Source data
________

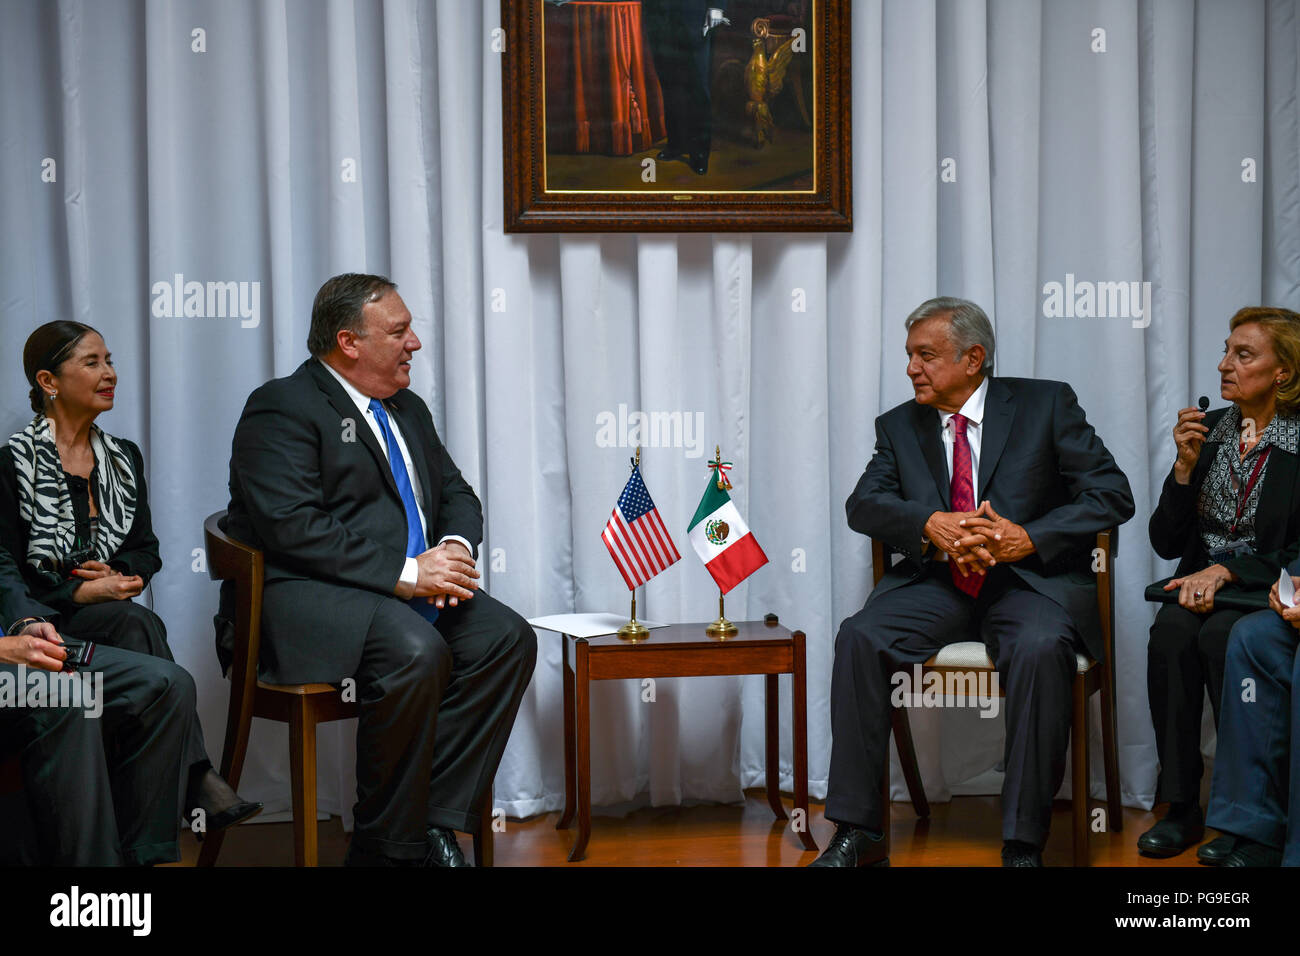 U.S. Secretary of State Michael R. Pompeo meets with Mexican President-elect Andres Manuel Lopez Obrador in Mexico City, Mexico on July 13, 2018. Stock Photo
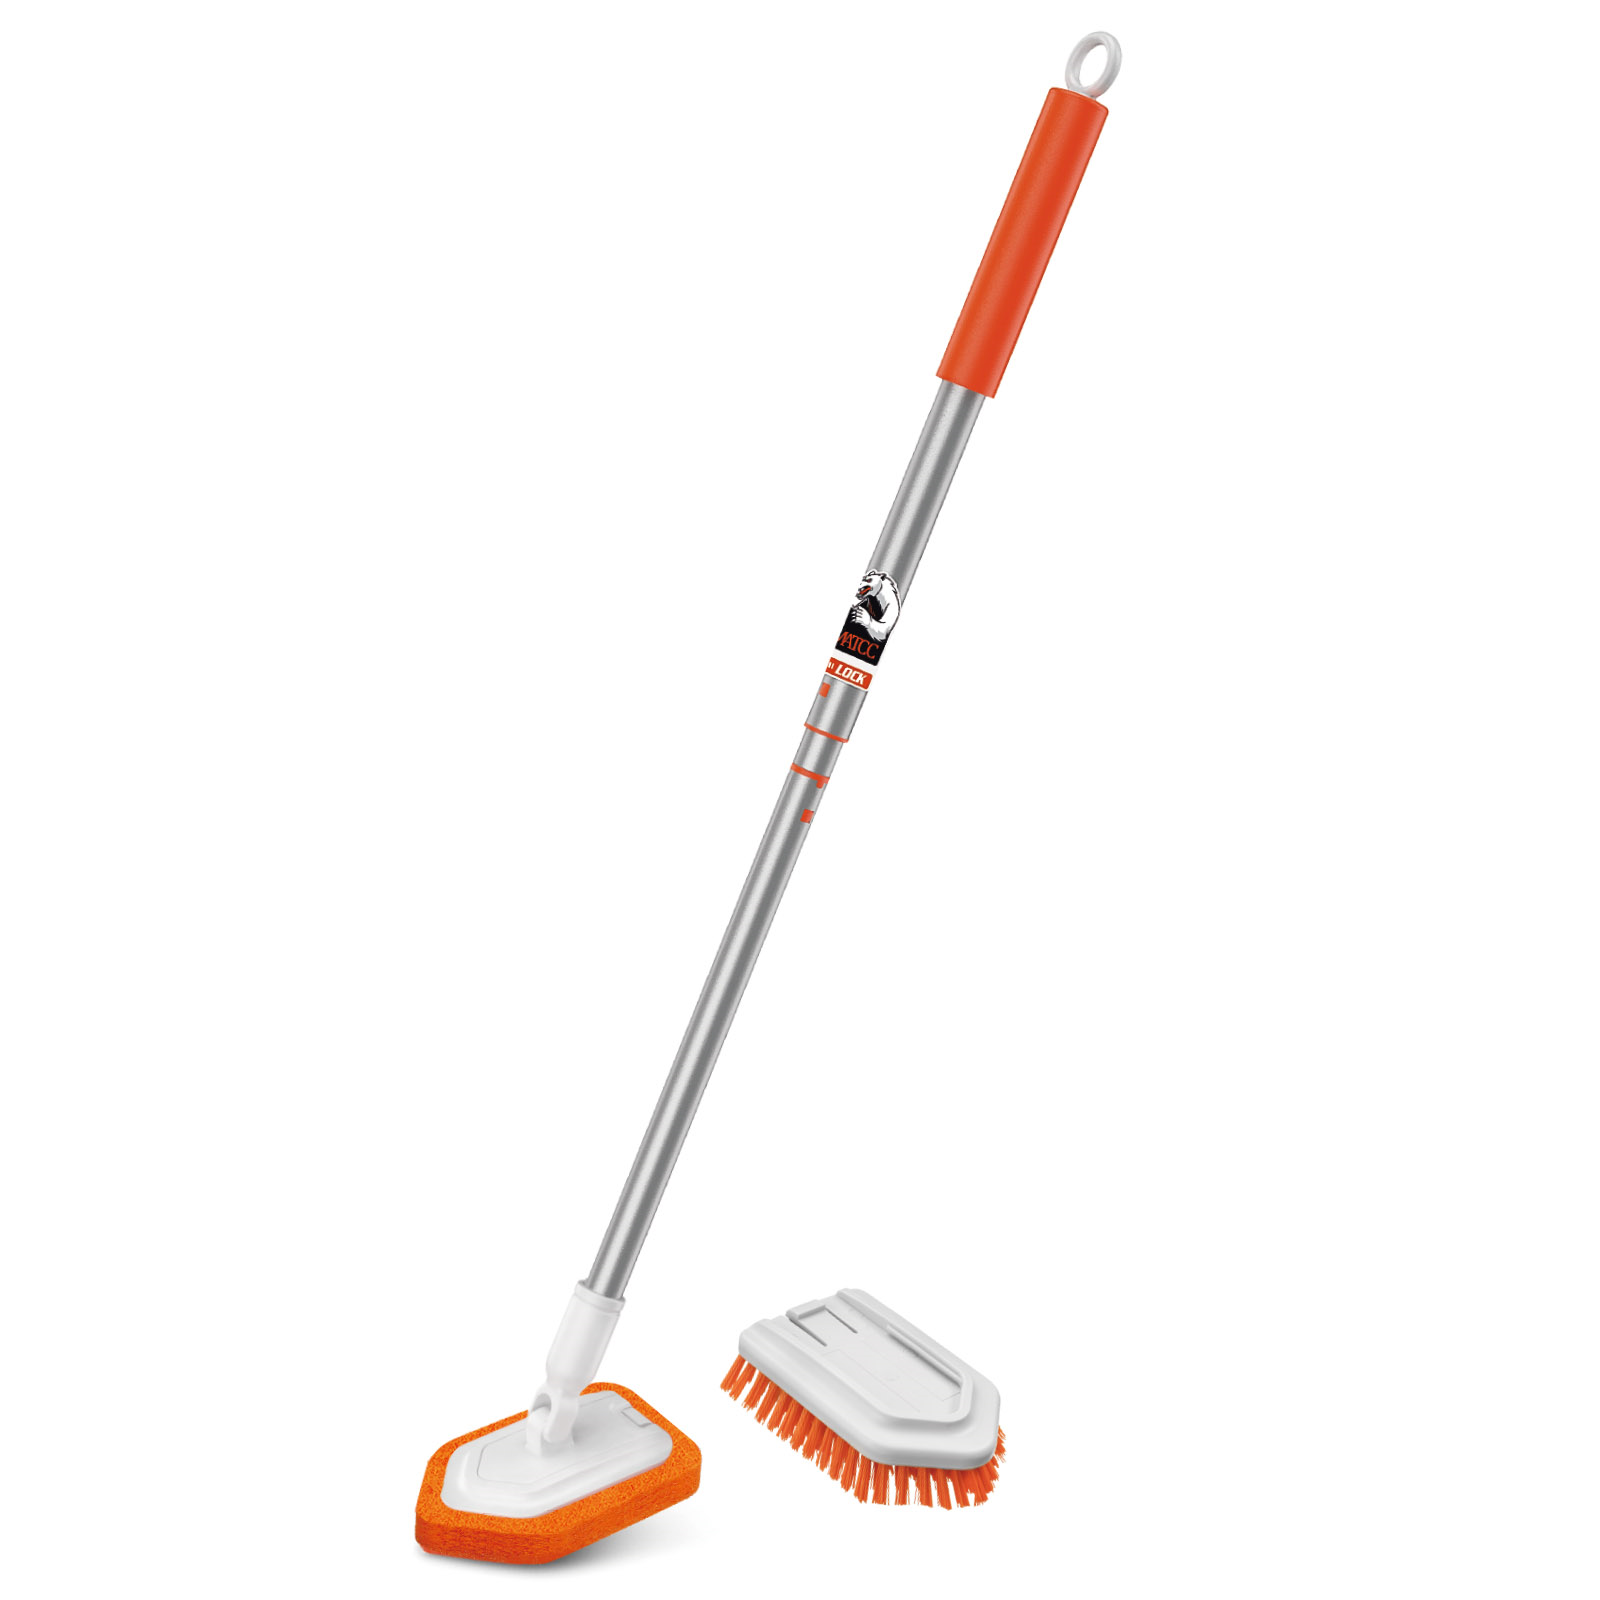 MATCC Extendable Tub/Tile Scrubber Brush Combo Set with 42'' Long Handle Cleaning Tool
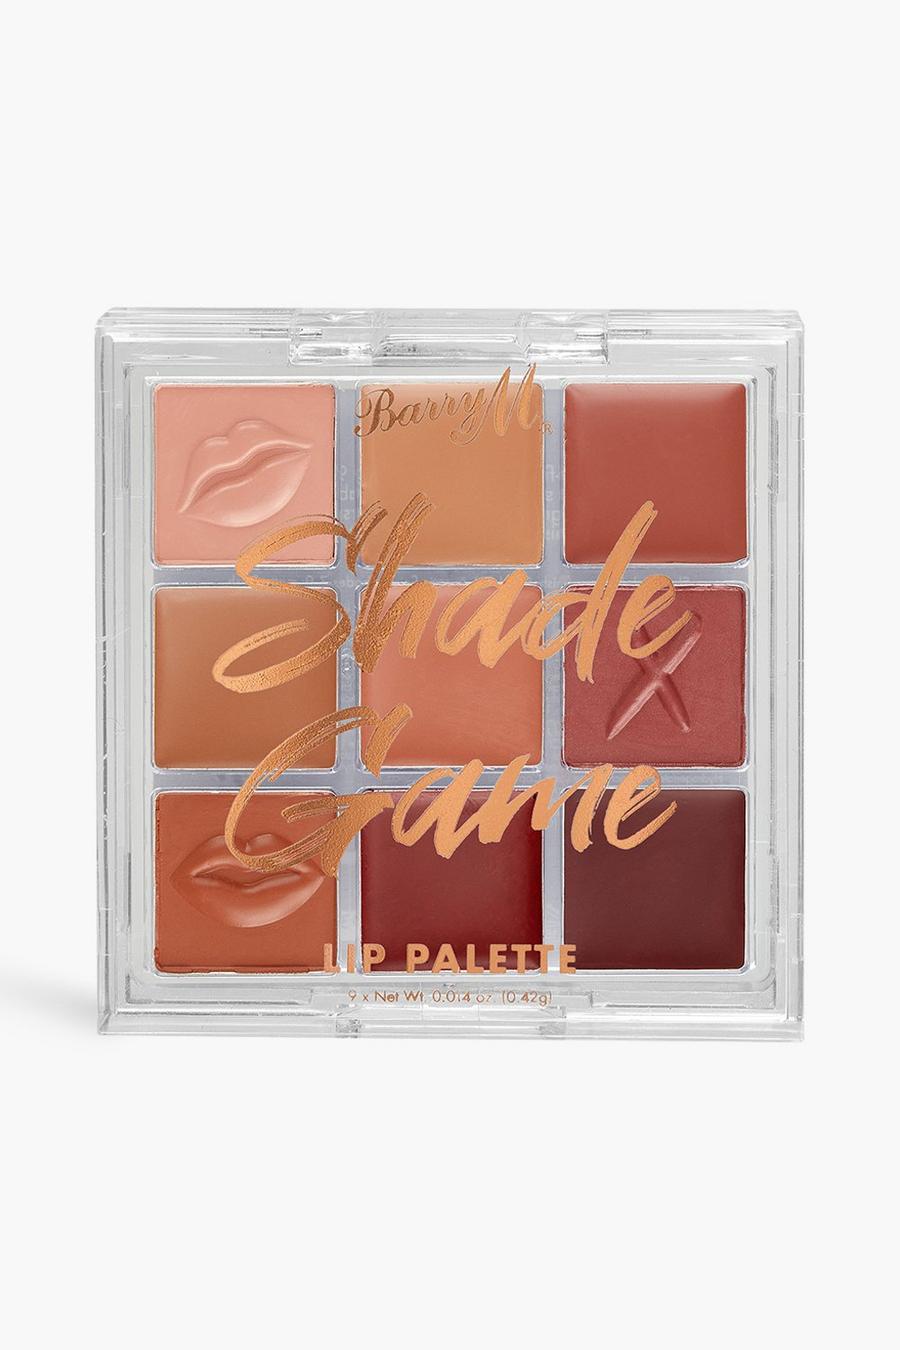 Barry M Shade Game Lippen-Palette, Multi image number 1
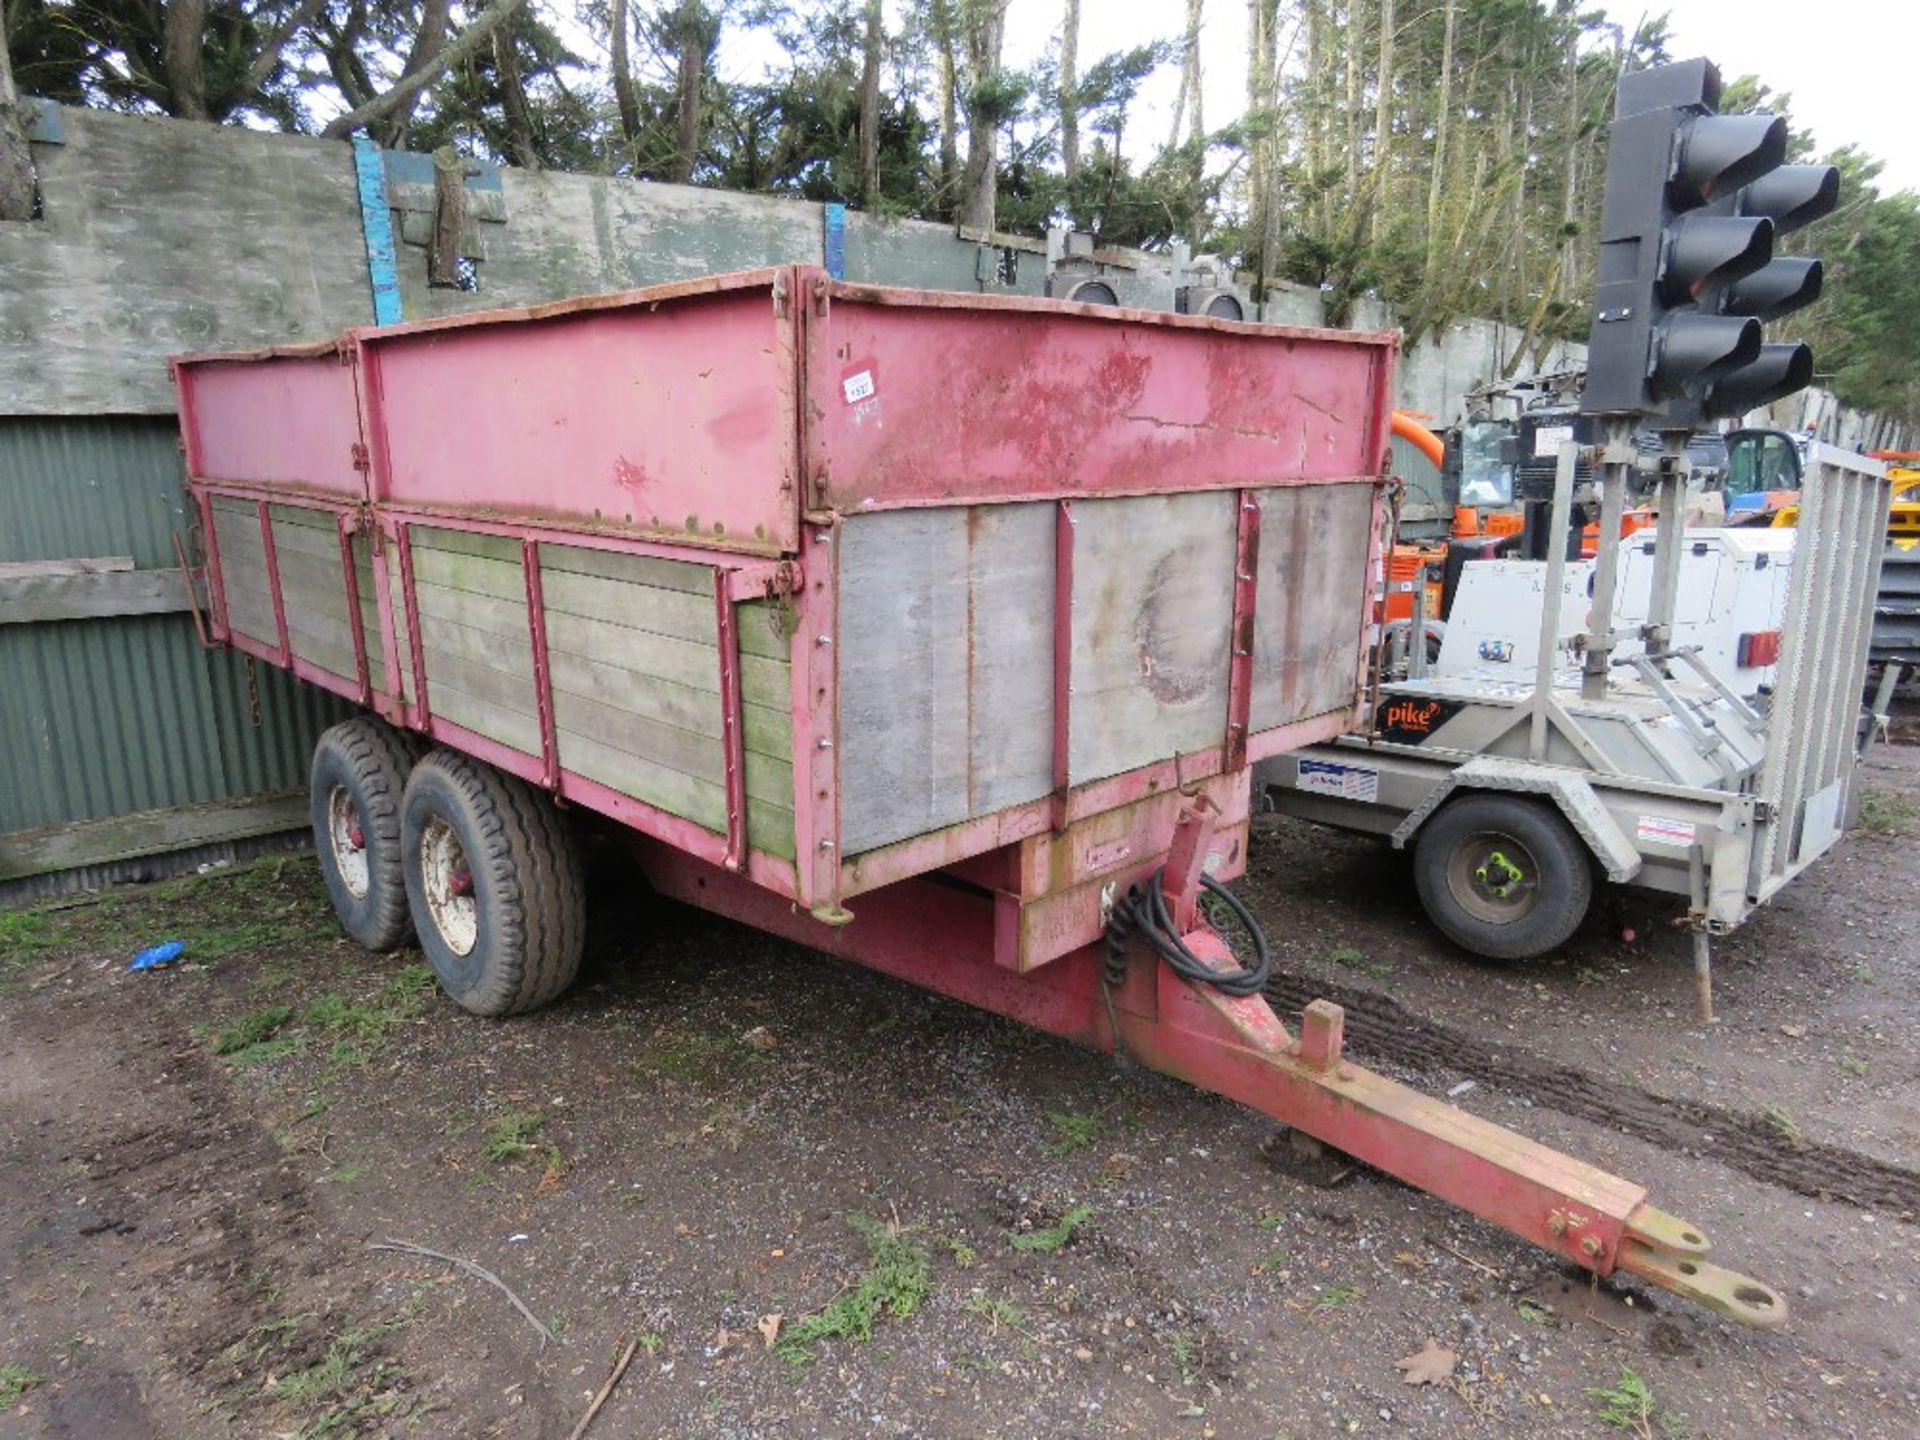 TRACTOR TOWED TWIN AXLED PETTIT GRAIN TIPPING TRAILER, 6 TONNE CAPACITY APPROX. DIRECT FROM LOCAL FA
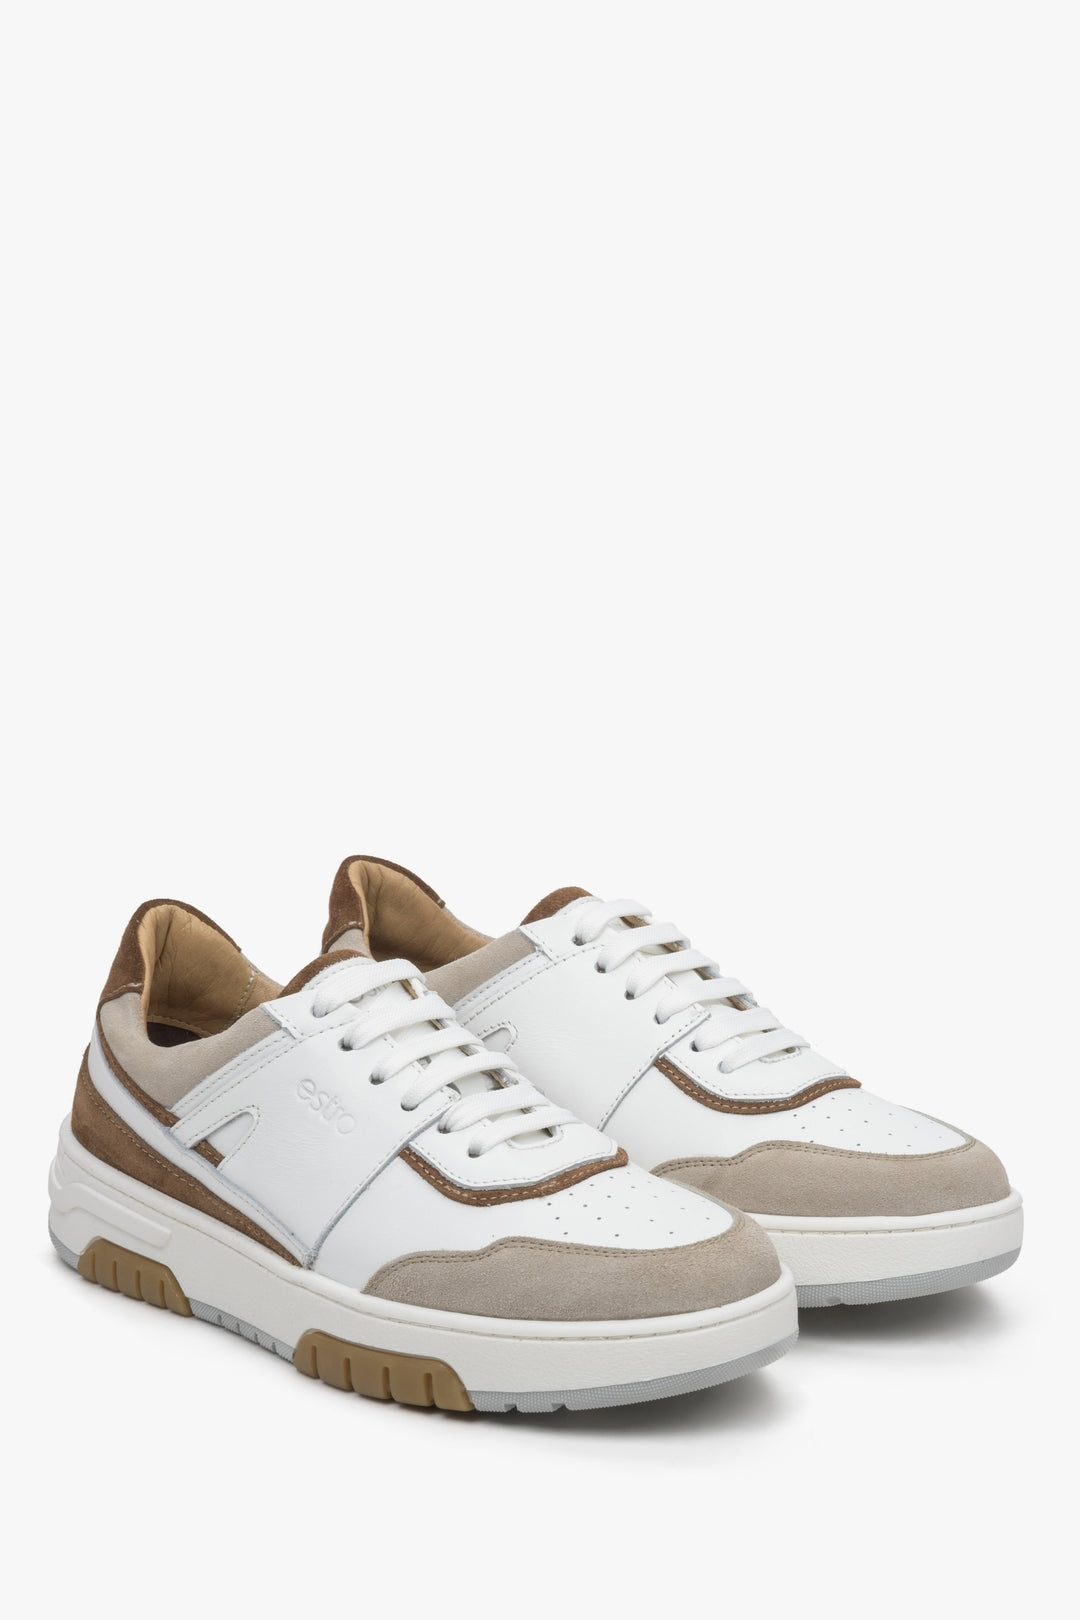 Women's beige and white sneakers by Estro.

________

Only the text of the entries above is to be given again, exactly, with the pictures left out.

 U.S. Secretary of State Michael R. Pompeo meets with Mexican President-elect Andres Manuel Lopez Obrador in Mexico City, Mexico on July 13, 2018. Stock Photo
 MATCC Extendable Tub/Tile Scrubber Brush Combo Set with 42'' Long Handle Cleaning Tool
 Barry M Shade Game Lippen-Palette, Multi image number 1
 TRACTOR TOWED TWIN AXLED PETTIT GRAIN TIPPING TRAILER, 6 TONNE CAPACITY APPROX. DIRECT FROM LOCAL FA
 Women's beige and white sneakers by Estro.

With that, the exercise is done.